Note that initial installations (e.g., mkdocs itself) were done by IS or via sudo. Later on, we opted to continue using pip along with the --user option to install mkdocs plugins as well as other python dependencies. Since the docs machine is exclusively for documentation purposes, setting a virtualenv was not considered a concern.

  • mermaid: pip3 install --user mkdocs-mermaid2-plugin

  • jq: From https://stedolan.github.io/jq/

  • HTTPie: To support pushing some logging to Slack: pip3 install --user https://github.com/httpie/httpie/archive/master.tar.gz

  • filelock: pip3 install --user filelock

  • 2021-07-20: Upon noting no effect while trying dark mode in one of the sites, (see this), mkdocs-material upgraded: pip3 install --upgrade --user mkdocs-material (to 7.1.11)

  • 2021-08-16: Trying to use conda environment for python 3.7.

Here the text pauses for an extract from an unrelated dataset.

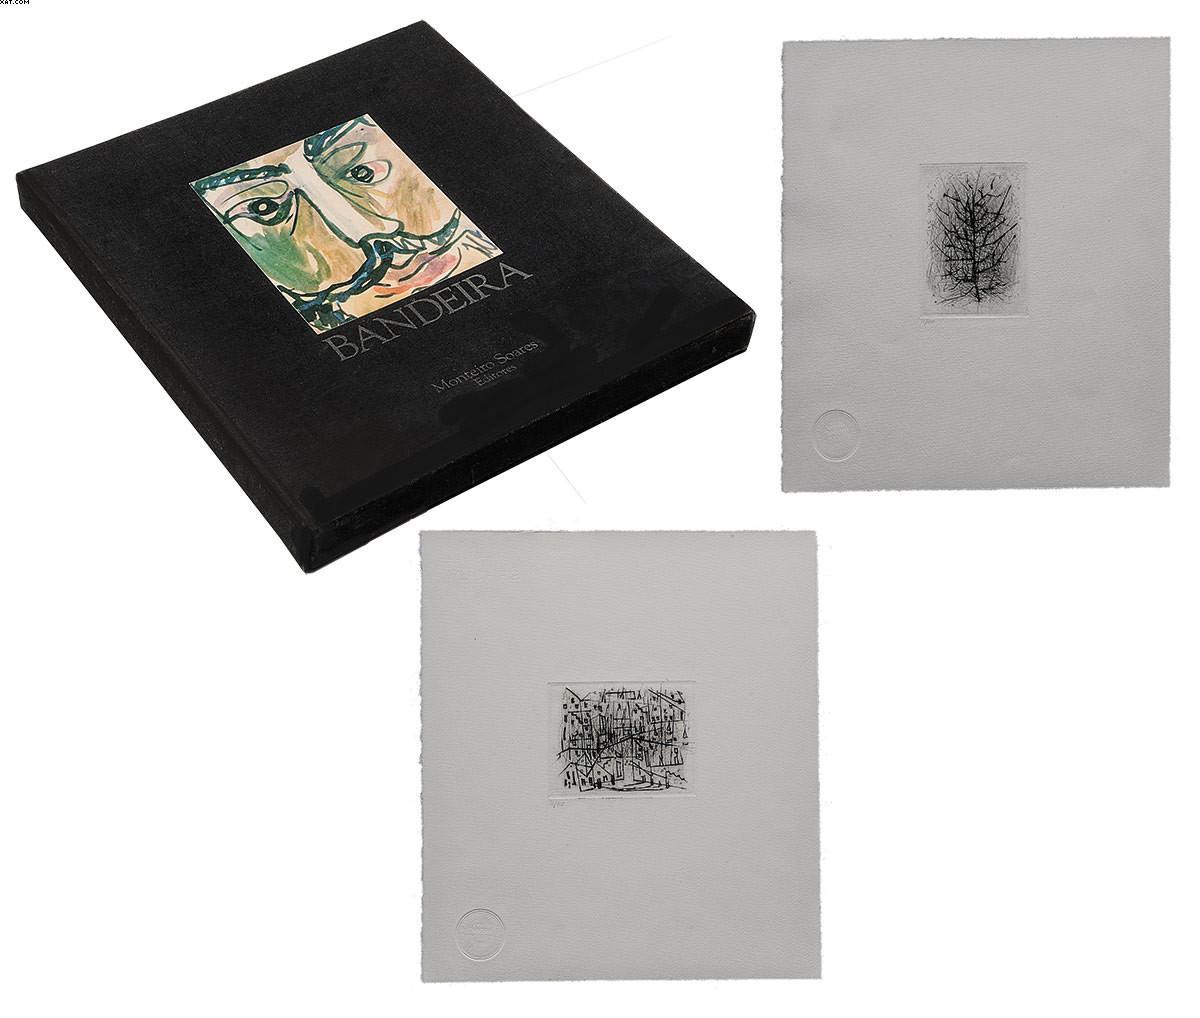 Livro contendo 9 gravuras originais - Antônio Bandeira (1922-1967)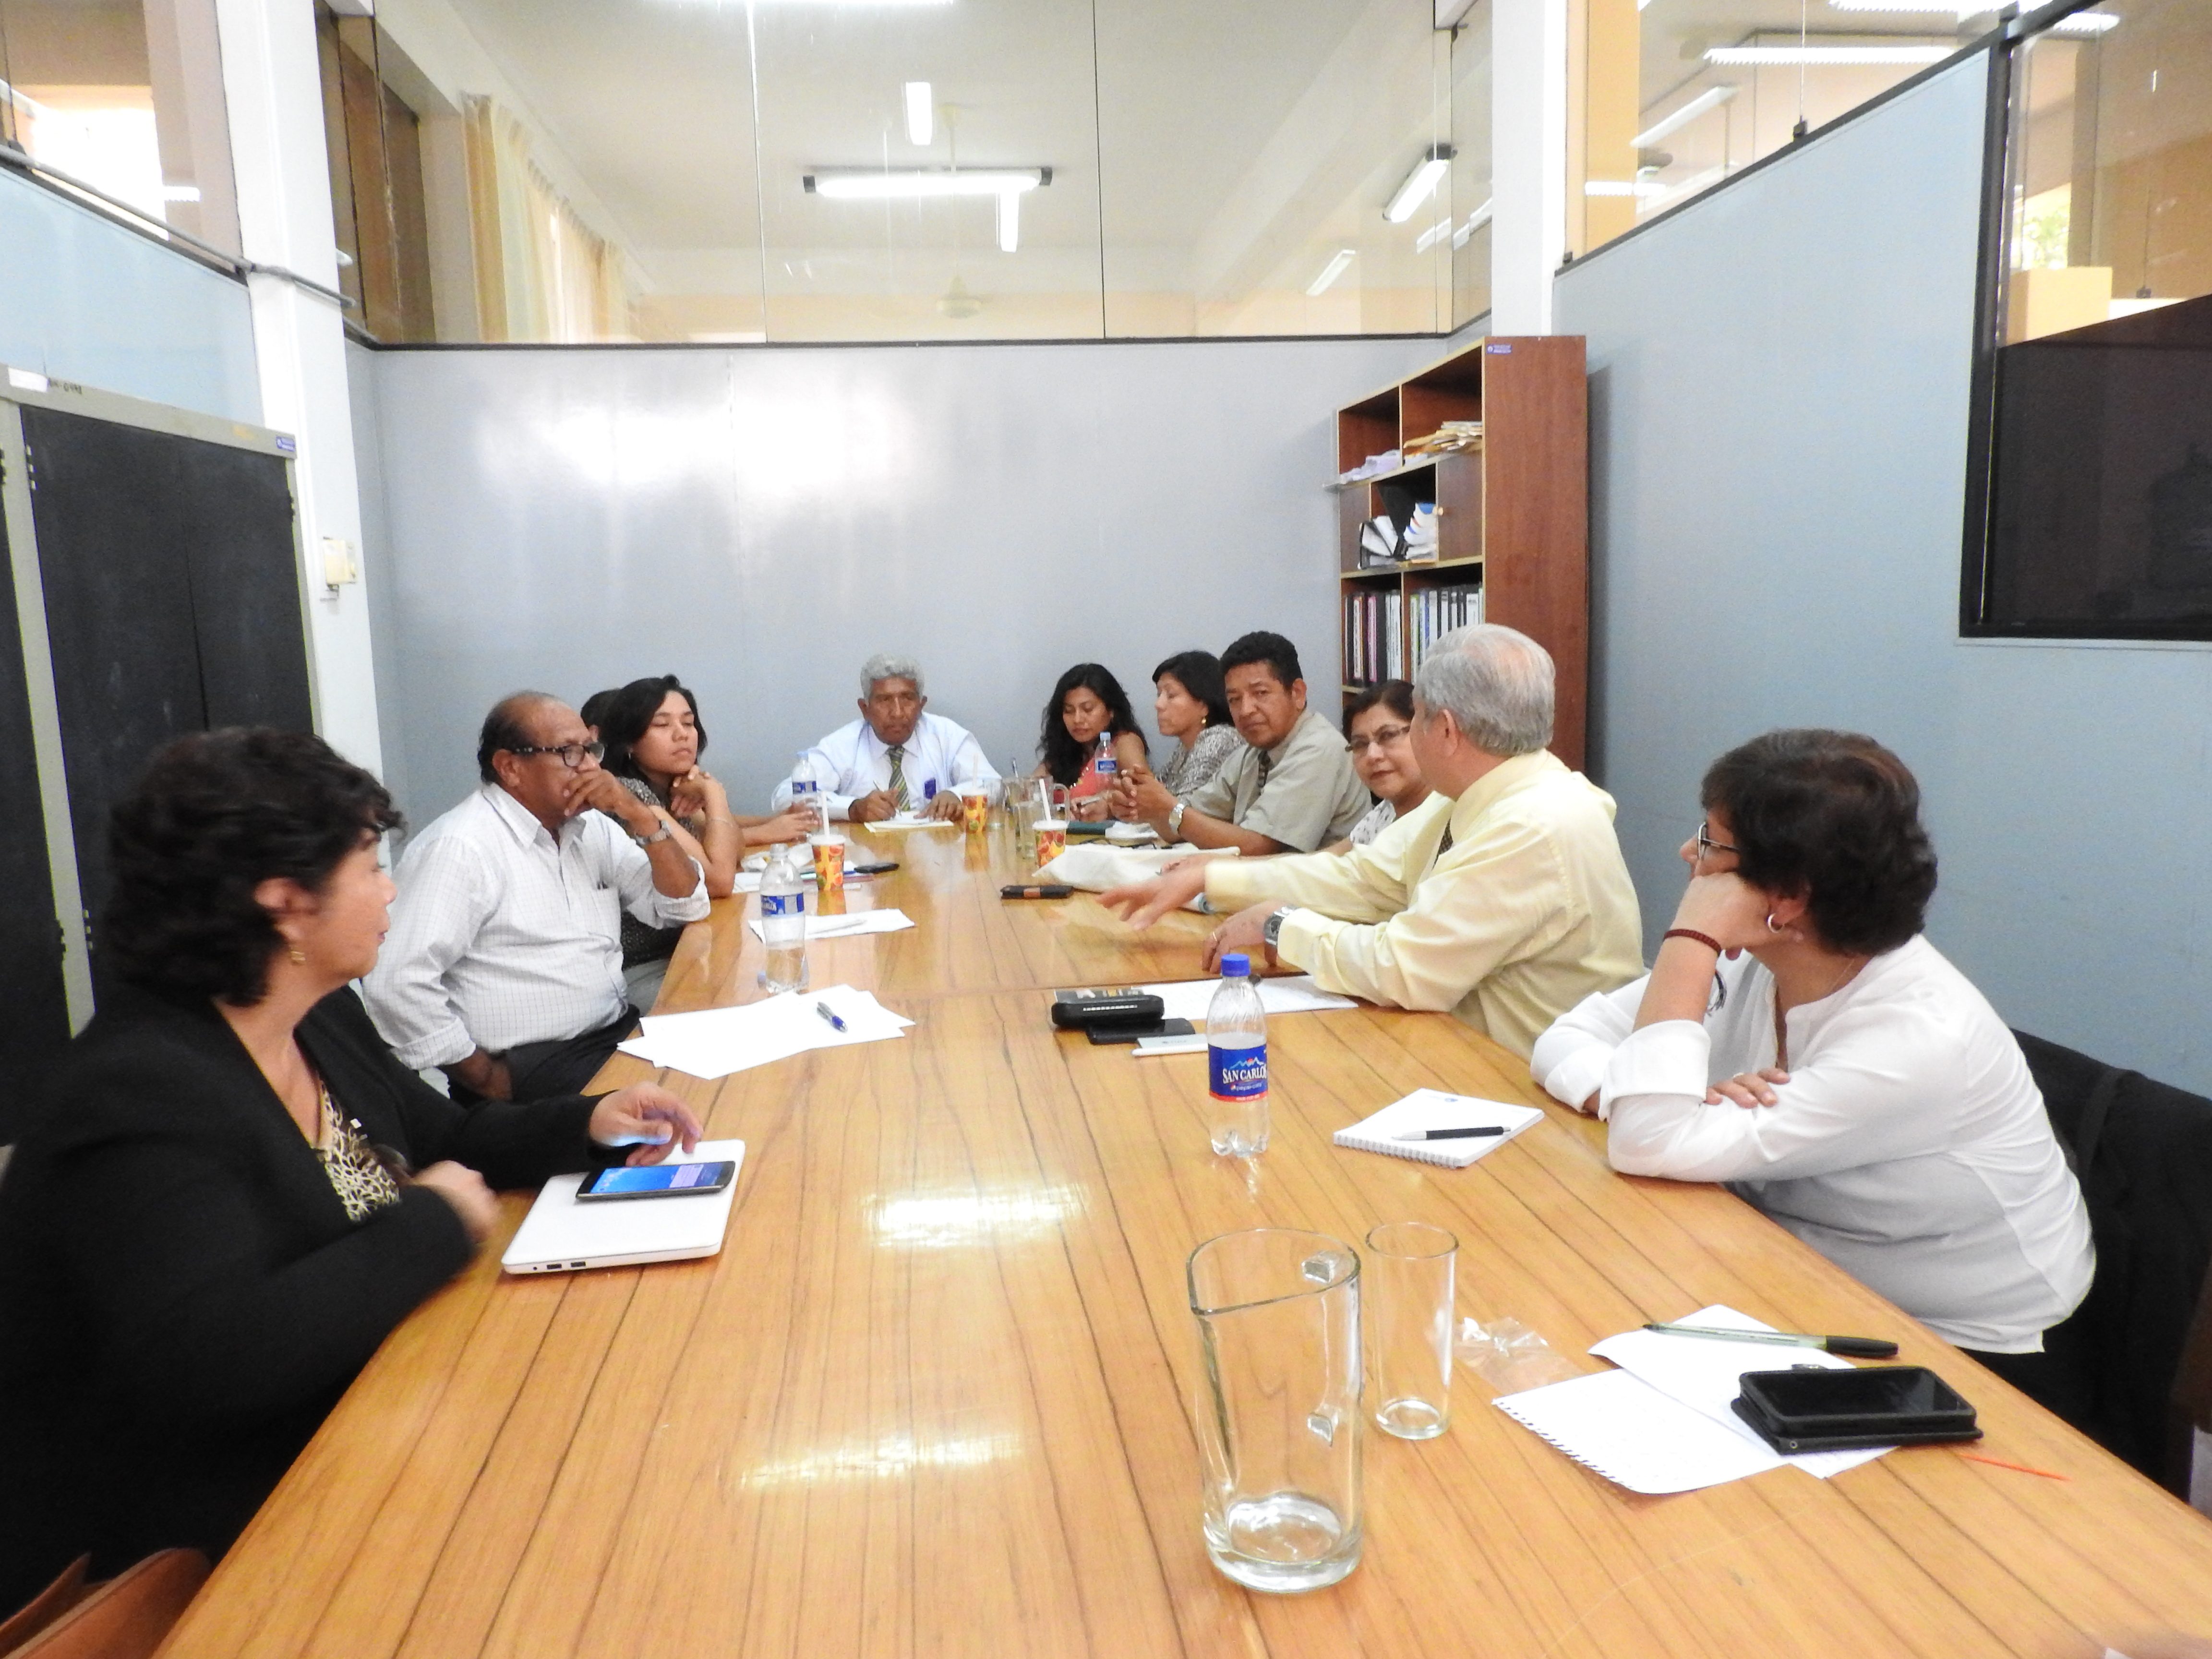 Reunión de trabajo con los participantes del Grupo Meseta Andina, el Grupo Ecológico y la Maestría en Gerencia Social

  • 2021-12-02: Installs toward a more python based generation dispatch: sh and requests. Due to the recent conda environment, these were done as follows:

    (base) [docsadm@docs docs-mbari-org-webhook-doc]$ source /home/docsadm/miniconda3/etc/profile.d/conda.sh
(base) [docsadm@docs docs-mbari-org-webhook-doc]$ conda activate mkdocs
(mkdocs) [docsadm@docs docs-mbari-org-webhook-doc]$ conda install sh requests

  • 2024-05-20: Several upgrades

    • mkdocs conda environment upgraded to Python 3.10.14 (and incompatible Numba 0.46.0 upgraded to 0.59.1): conda install python=3.10.14 numba=0.59.1
    • mkdocstrings-python recipe installed from conda-forge: conda install -c conda-forge mkdocstrings-python
    • Pip packages re-installed manually: pip install pygments==2.12 mkdocs-awesome-pages-plugin mkdocs-jupyter mkdocs-material mkdocs-mermaid2-plugin deepsea-ai

  • 2024-05-22: In coordination with the CoMPAS Lab, the mbaridocs GitHub "bot" account has been added to the CoMPASLab/dial repo such that docs generation continues to be supported for Dial.

  • 2025-03-10: To facilitate integration of API documentation for python projects: conda install -c conda-forge mkdocstrings mkdocstrings-python

Slack webhook

A Slack webhook has been enabled, which is used to expose some logging from the script to the docs-mbari-log channel: https://mbari.slack.com/archives/C01P32T9PDH. This should facilitate debugging related with doc generation/deployment.

Site listing

A generate_site_list.py script has been added to help generate the index.html file for the two main entry points:

Search field. As explained in this section, the generated index.html file includes a search field that allows to search across all listed sites.

The generated index.html uses https://docs.mbari.org/css/mbari-site-list.css for styling.

The script is launched for the two listings with the helper generate_site_lists_cronjob.sh, which is run by the main generator script right before exiting (so the listings get updated right after any particular site is updated), and also via cronjob:

*/5 * * * * /home/docsadm/mkdocs/docs-mbari-org-webhook-doc/bin/generate_site_lists_cronjob.sh

SSH Keys

We have enabled support for private Bitbucket and GitHub repositories. This is accomplished by using a corresponding SSH Key for the required access. The setup is explained below.

Bitbucket

TODO

GitHub

Ref: https://docs.github.com/en/developers/overview/managing-deploy-keys#machine-users

  • Email address created: docsbot@mbari.org (at the moment as a 'distribution list," with Kevin and Carlos as members)
  • GitHub account created: mbaridocs: https://github.com/mbaridocs
  • Created and uploaded an SSH key for mbaridocs at GitHub
  • Added mbaridocs to the mbari-org organization
  • As member of the mbari-org the organization, mbaridocs now has (read) access to all private repos there: https://github.com/orgs/mbari-org/people/mbaridocs
  • This completes the setup as needed.

Initial tests

  • Direct cloning of a private repository on the docs machine as docsadm works fine (which confirms the SSH key is functional).
  • However, via the webkook, it didn't work, initially ...
  • ... then, I removed the passphrase associated to the key and the webhook dispatch started to complete OK.
  • Upon a quick googling, seems like a keychain-like mechanism on the host could allow us to put back a non-empty passphrase.
  • Immediate conclusion: unless we really want/need a non-empty passphrase, we can declare that private GitHub repos under mbari-org are now supported.